Papà, invece, era sempre in anticipo. Avevo parecchio in comune con lui, a livello caratteriale. Eravamo io e lui gli introversi della famiglia, mamma e Dani di certo erano l’opposto. Purtroppo non mi aveva passato il gene della puntualità…ma vabbè, che ci vuoi fare.
Avevo appena finito di dipingermi le unghie di un marrone scuro, perfetto per il mio vestito della medesima tonalità, quando bussò alla mia porta. Mentii dicendo che stavo completando l’asciugatura, il piede sinistro era ancora fradicio.
Lo osservai con occhi dolci, funzionava a volte per ammorbidirlo. Ma in quel momento, mi sembrava assente. Aveva lo sguardo fisso verso di me, sembrava stesse assistendo ad un’apparizione.
“Daddy?! Ci sei?” esclamai, agitando la mano per richiamare la sua attenzione.
“Oi… sì… tesoro, scusami, ero distratto…” mi disse lui lievemente a disagio e con un mezzo sorriso da ebete.
“Lo vedo…che guardavi?” gli chiesi. Mentre lo facevo, strinsi gli occhi e lo fissai con aria interrogativa, probabilmente la stessa che usano i poliziotti, pensai.
“Niente, è che… wow! Sei bellissima, piccola mia!” confesso poi.
Gli sorrisi con relativa convinzione.
“Grazie, Daddy! Anche se me lo dici da sempre, o meglio, da quando ho acquisito la capacità di comprendere quella parola!”
“Mh, forse hai ragione, eri molto più bella da bambina. E soprattutto, non eri così puntigliosa e rompipalle!” mi disse di rimando, con sguardo divertito, quasi a sfidarmi.
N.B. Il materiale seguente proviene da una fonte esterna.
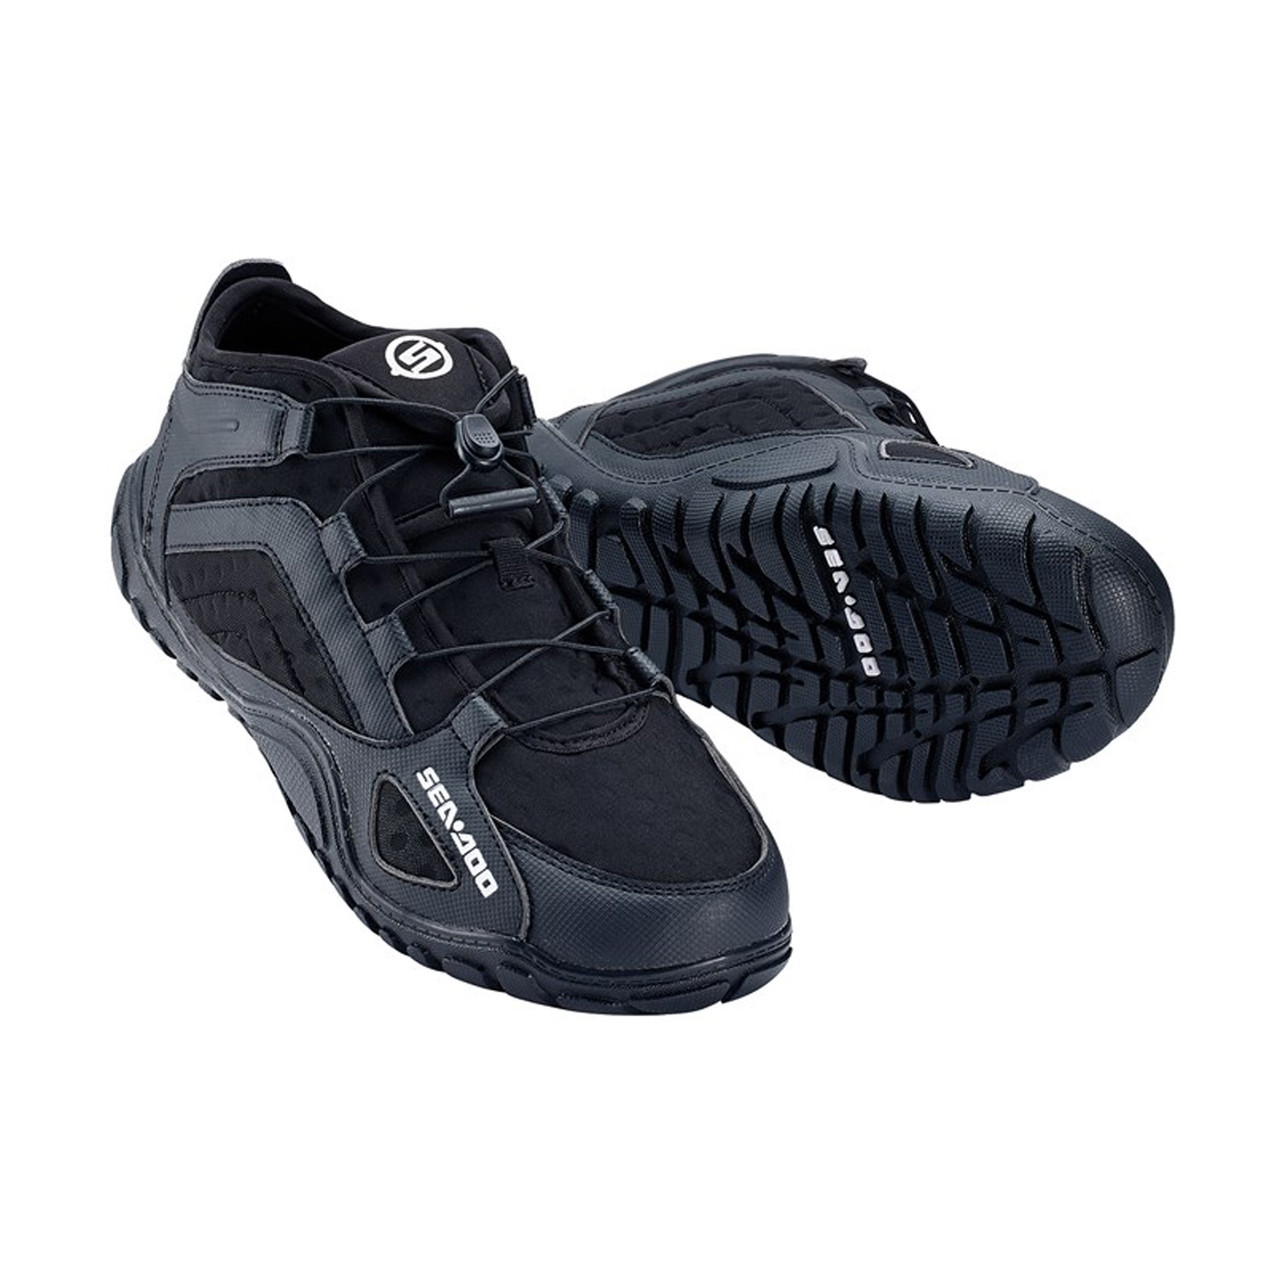 Sea-Doo New OEM Unisex Size 12, Low Cut Neoprene Riding Shoes, 4442283290

Spalancai la bocca e strabuzzai gli occhi, lanciandogli contemporaneamente un cuscino e l’unica infradito che avevo a portata di mano. Quindi fu lui a sbarrare gli occhi. Aveva un’aria giocosa, ma capii che stava per contrattaccare.
“Come osi lanciare oggetti contro tuo padre?!” esclamò, avvicinandosi minacciosamente.
“No, no! Daddy, fermo! Ho lo smalto fresco! Deve asciugarsi!” esclamai senza pensarci. Fu un terribile sbaglio. Gli diedi l’idea perfetta.
“Ah, è così eh?” disse battendosi l’indice sul mento, fingendo di pensare. In realtà aveva già deciso.
Iniziò a farmi un dolce solletico sotto i piedi, facendomi sobbalzare.
“Ahahahahaahaha Daddyyyy! Ti pregoooo!!” strillai, speranzosa di ottenere la sua clemenza.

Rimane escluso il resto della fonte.